A BDC manager’s compliance failures led to nearly $4 Million in fines, disgorgement and penalties and the loss of its advisory business. The SEC charges the firm with misallocating overhead expenses to the registered Business Development Companies it managed and with overvaluing portfolio companies. The SEC maintains that the registrant used material nonpublic information about BDC portfolio companies to benefit affiliated hedge funds that it managed. In 2014, the firm had over $2.6 Billion in assets under management but withdrew its adviser registration in 2017 following the SEC enforcement action. The SEC asserts violations of the compliance rule (206(4)-7) in addition to a laundry list of other securities laws violations.

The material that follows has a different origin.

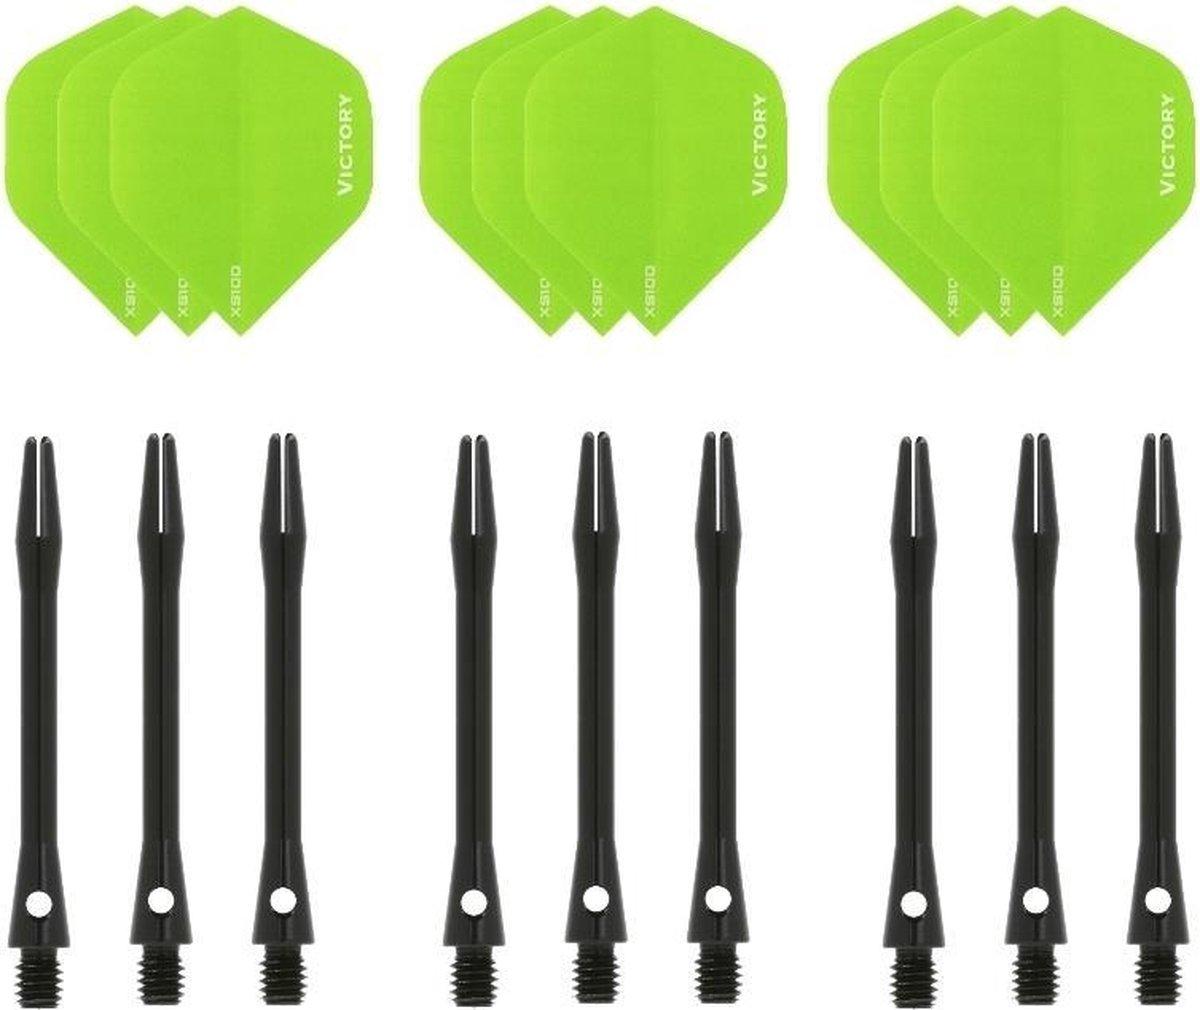 Dragon darts - 3 sets - XS100 Poly - Groen - Darts flights - plus 3 sets - aluminium - darts shafts - zwart - medium

Failure to implement an effective compliance program has consequences beyond penalties and fines. The negative impact to a firm’s and its principals’ reputations could ultimately bring down the entire franchise.
The SEC commenced enforcement proceedings against the former senior partner of a large private equity firm for charging personal expenses to the funds he advised. According to the SEC, the senior partner used his corporate credit card for personal expenses that his firm allocated to the funds. The funds’ governing documents allowed reimbursement for expenses incurred relating to investments and operations including out-of-pocket expenses for business and travel expenses. Although the conduct occurred over a 3-year period and the company detected unlawful expenses, the senior partner continued to submit false expense reports for which he was reimbursed. The firm ultimately terminated the senior partner after he reimbursed the funds for over $290,000 in personal expenses.

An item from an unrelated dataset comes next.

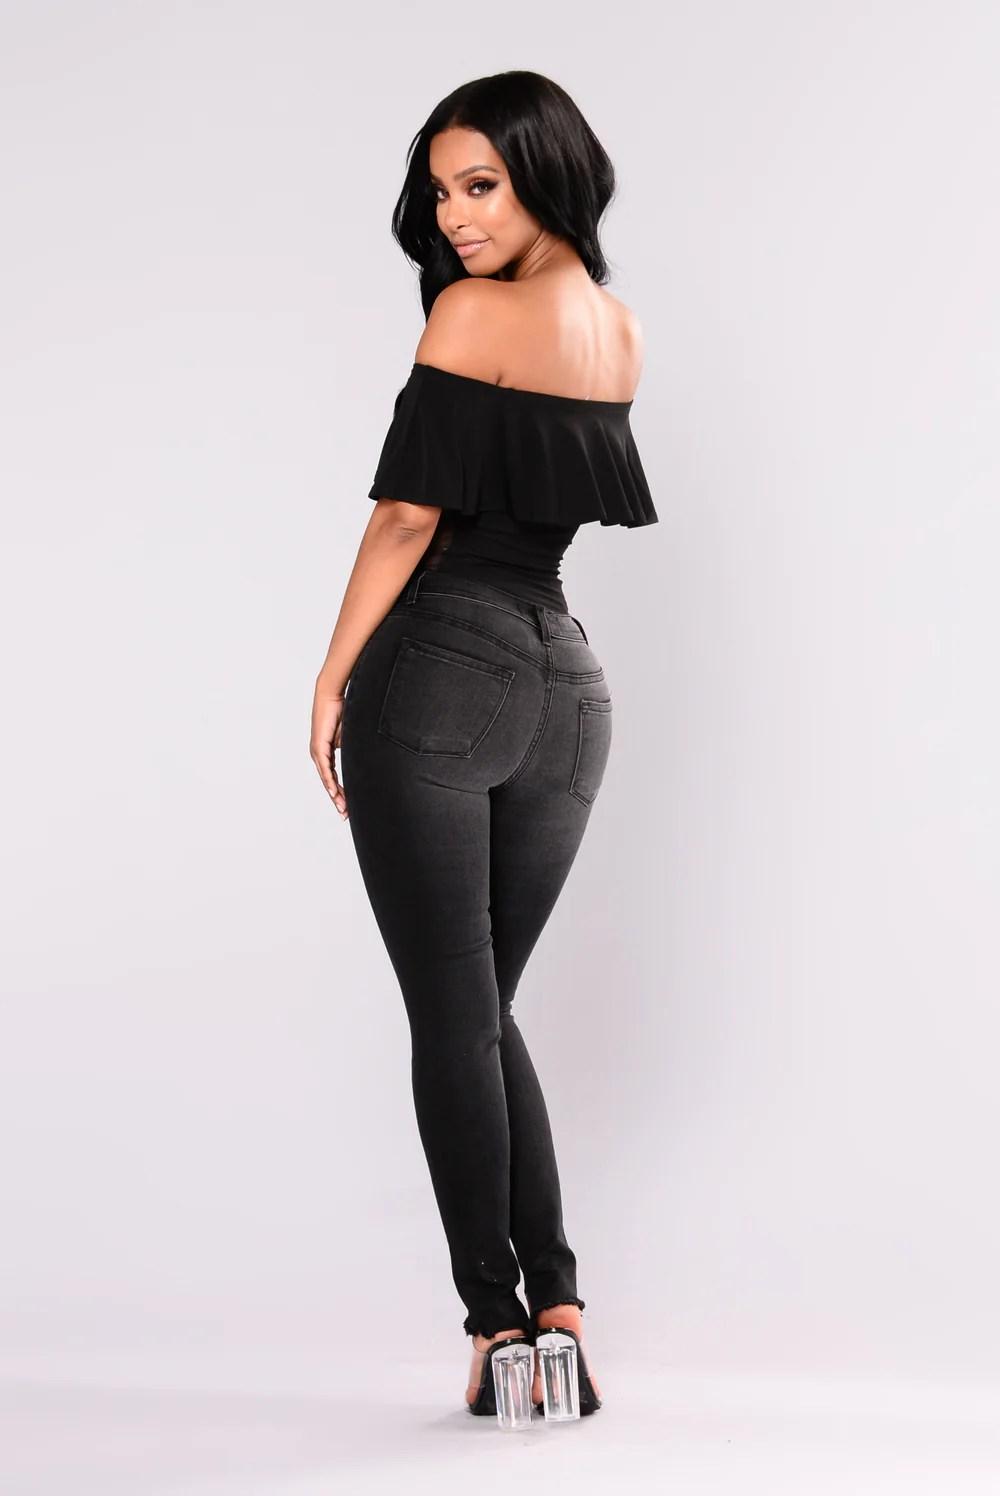 Melissa Sheer Sides Bodysuit - Black

OUR TAKE: Private equity firms could avoid these problems by only charging management fees (and carry) and end this practice of charging the fund for out-of-pocket expenses. Any expense reimbursement issues would be the private matter between the firm and its employees.
A private equity firm agreed to pay over $3.4 Million to settle charges that it failed to allocate broken deal expenses to co-investment funds as far back as 2004. The private equity funds reimbursed the respondent for broken deal expenses including costs incurred to develop, negotiate, and structure potential transactions that were never consummated. The SEC faults the firm, which registered in 2012, for failing to disclose that the funds would pay the broken deal expenses allocable to co-investment vehicles utilized by insiders. The SEC asserts violations of the Advisers Act’s antifraud provision (206(2)) and the compliance rule (206(4)-7) for failing to implement a written compliance policy or procedure governing broken deal expense allocation practices.
OUR TAKE: The SEC reaches all the way back to 2004 to calculate disgorgement even though the firm did not register until 2012. Private fund firms that registered in 2012 should re-examine their expense allocation practices for years prior to 2012 and consider LP reimbursement before the SEC brings a public enforcement case.
The SEC fined and censured a private equity manager and its principals for unlawfully charging the fund both portfolio company expenses and adviser overhead expenses. The PE manager charged the fund certain consulting expenses provided to a portfolio company without offsetting the management fee as required by the LPA. The PE manager also charged overhead expenses including employee compensation, rent, and the costs of responding to the SEC examination/enforcement. The SEC charges that the expenses were not authorized in the fund’s organizational or disclosure documents. The SEC asserts violations of the Advisers Acts antifraud provisions as well as the compliance rule (206(4)-7) for failing to adopt and implement reasonable policies and procedures. As part of its remediation, the PE firm agreed to hire a new Chief Compliance Officer.
OUR TAKE: It really is better to build a legitimate compliance infrastructure before the SEC arrives rather than in response to an enforcement action. An ounce of compliance prevention can avoid the reputation-crushing havoc of an SEC enforcement action.
A private equity fund has agreed to pay over $1.6 Million in fines and client reimbursement for mis-allocating expenses to its fund. The SEC charges that the PE firm unlawfully charged legal, hiring, and employee and consulting expenses to the fund. The SEC interprets the organizational documents as only permitting “normal operating expenses,” including “all routine, recurring expenses incident to” their own operations. The SEC faults the firm for failing to adopt and implement appropriate compliance procedures including multiple levels of expense review, escalation procedures and oversight.
OUR TAKE: PE firms continue to struggle with expense allocation issues, failing to understand that a fiduciary cannot use a managed fund as a piggy bank to pay firm expenses. Proper compliance procedures should prevent firms from crossing the fiduciary line.
A hedge fund manager agreed to pay $7.9 Million in disgorgement and a $5 Million fine for using the assets of newer funds to pay the expenses of older funds. According to the SEC complaint, which was filed in 2010 and related to allocations made between 2005 and 2008, the respondent used assets from more recent funds to pay legal and administrative fees of older funds that could not raise cash because they held illiquid securities. The SEC claims that the respondent replaced the cash with overvalued illiquid securities. The SEC continues litigation with respect to charges that the hedge fund manager overvalued securities and made misrepresentations.
OUR TAKE: The long arm of the law can reach back a long way. The older funds began to have liquidity problems as far back as 2004, which caused the respondent to raise more assets to pay off old expenses. And, the litigation continues.